The PZL M-24 Dromader Super ( Super Dromedary) is a single engine agricultural aircraft, developed in the 1980s by the WSK-Mielec (later PZL-Mielec) from the PZL-Mielec M-18 Dromader. It did not progress beyond the prototyping stage.

==Development==
The plane was developed as a bigger and more capable variant of the successful agricultural plane PZL-Mielec M-18 Dromader. Some components of the M-18 were used it its construction, but it is generally bigger and stronger, with a more powerful engine. The wings were fitted with a new central section of a larger span.

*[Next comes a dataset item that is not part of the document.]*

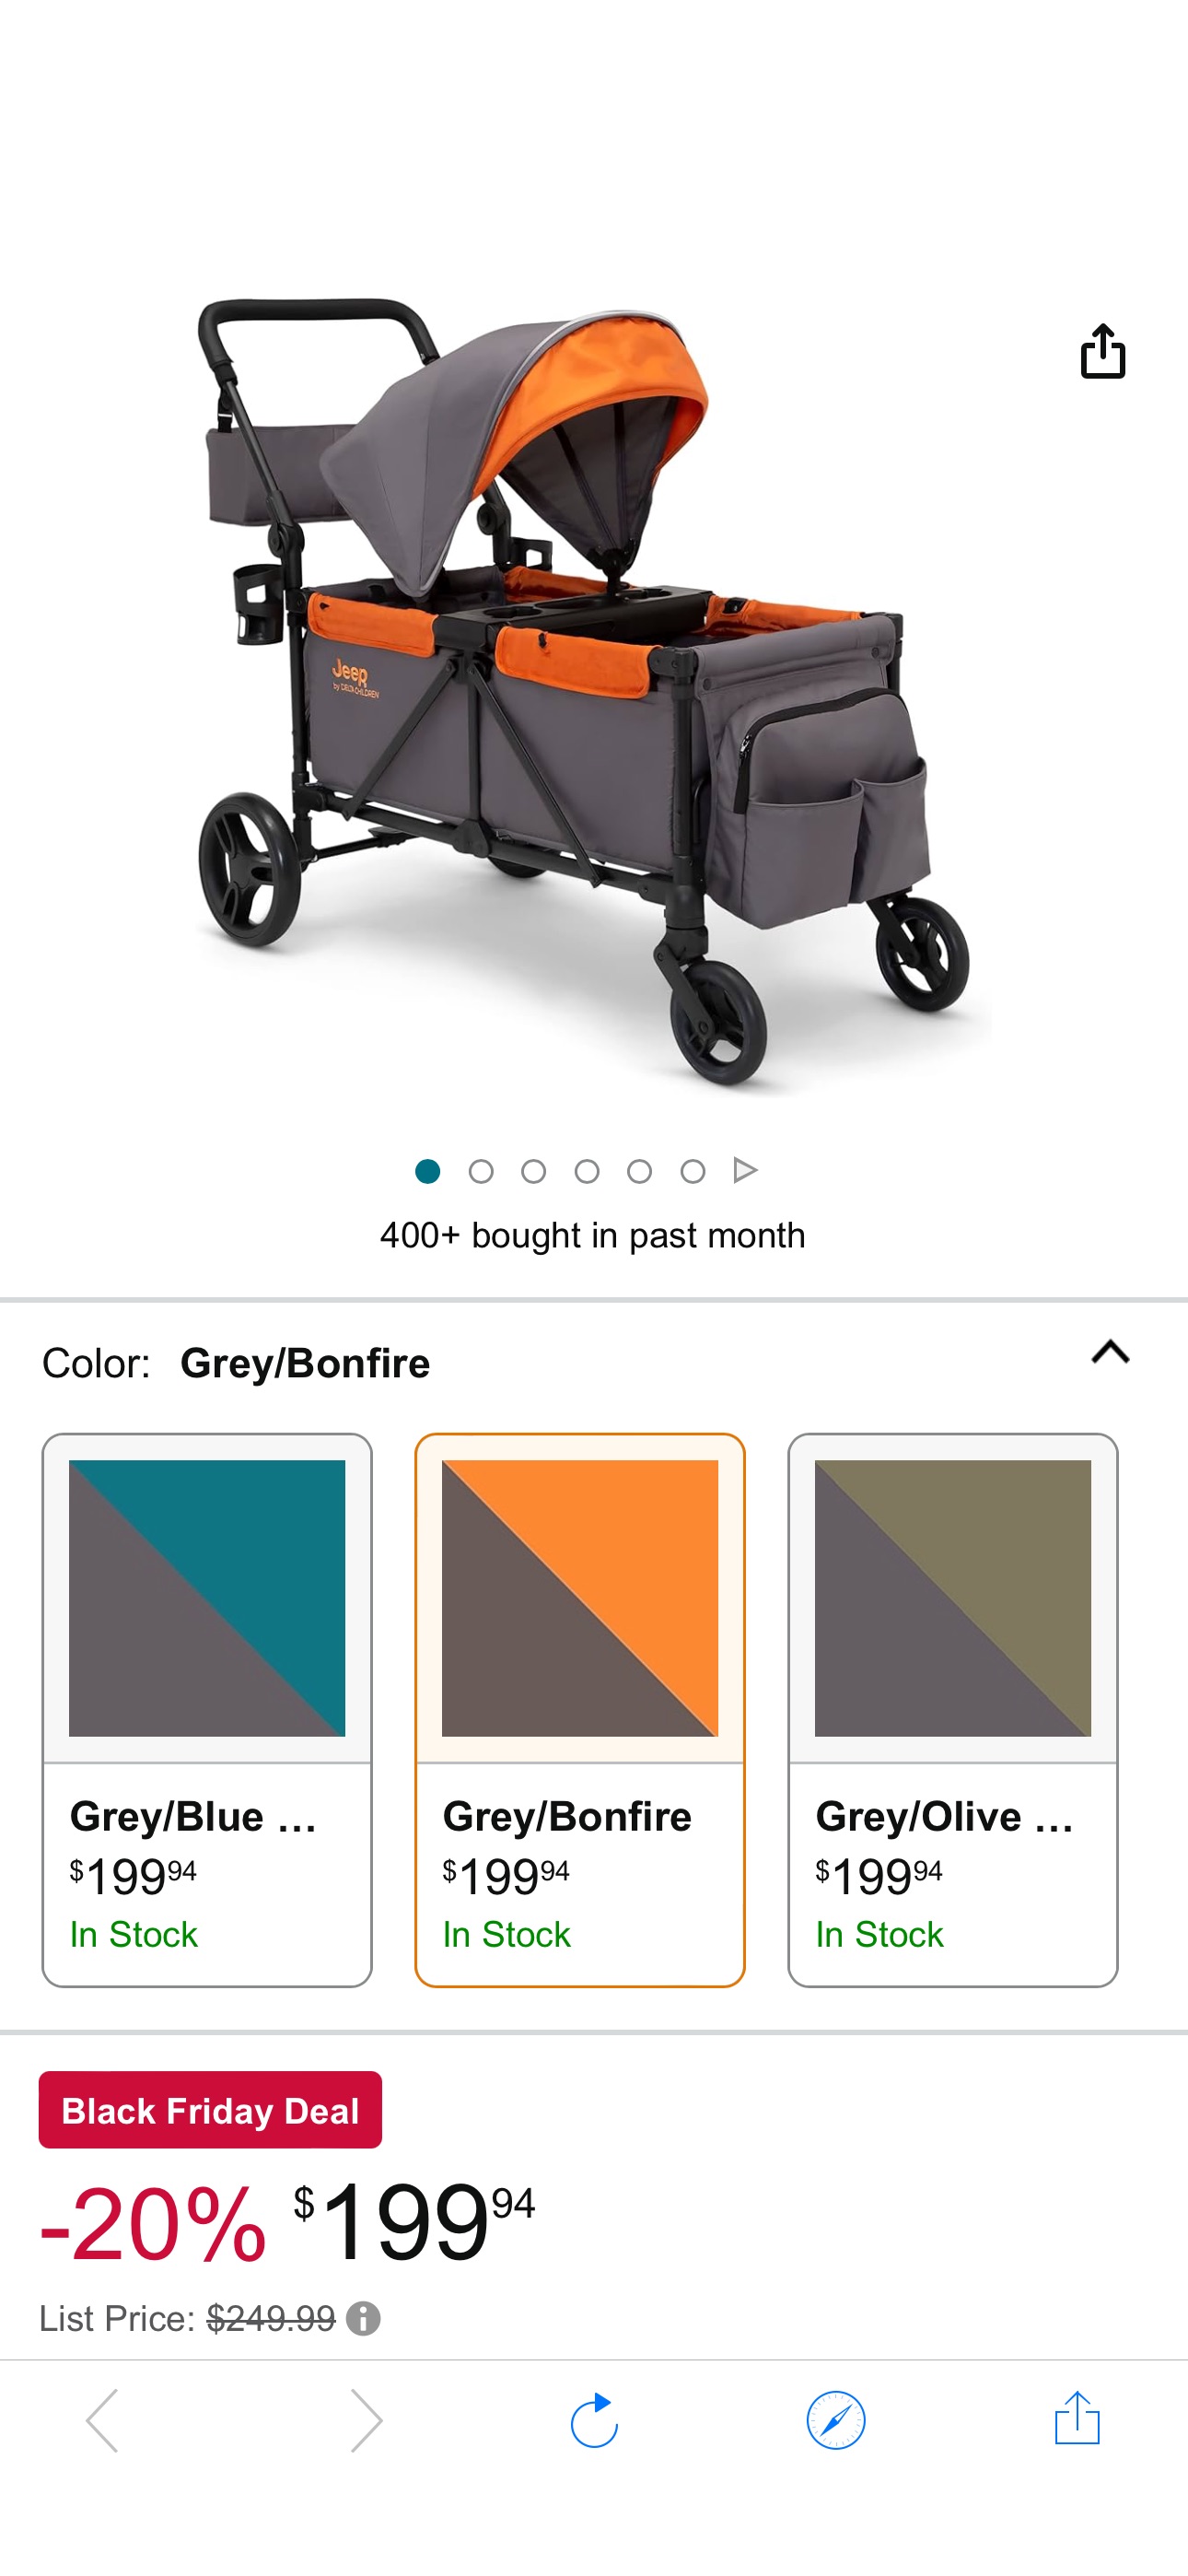 Amazon.com : Jeep Sport All-Terrain Stroller Wagon by Delta Children - Includes Canopy, Parent Organizer, Adjustable Handlebar, Snack Tray & Cup Holders, Grey/Bonfire : Baby

The first prototype of the M-24 flew on July 20, 1987, and was powered with a 736 kW Shvetsov ASh-62IR radial engine. The second prototype, designated M-24B, was powered by the Polish-designed 1200 hp PZL-Kalisz K-9AA radial engine and first flew in 1988. The third prototype, M-24T, was powered by the Pratt & Whitney PT6A-45AG turboprop engine. Four prototypes were built, but the type did not enter production.

The experience with the M-24 was utilised in creating the M-18B variant of the M-18, powered with the PZL K-9 engine, first flown in 1993.

==Design==
The aircraft is a metal low-wing cantilever monoplane, conventional in layout. It has a monocoque fuselage, covered with duralumin. The wings are composed of three parts, fitted with flaps and slats. There is a two-seat cabin (pilot and optional passenger or mechanic, in tandem), placed high. The single radial engine has a four blade propeller. Behind the engine is an internal 2700 L tank for chemicals or water. A fuel tank holds 1400 L.

The plane has exchangeable sets of equipment for spraying, cropdusting or fire extinguishing. It has conventional fixed landing gear with a tail wheel.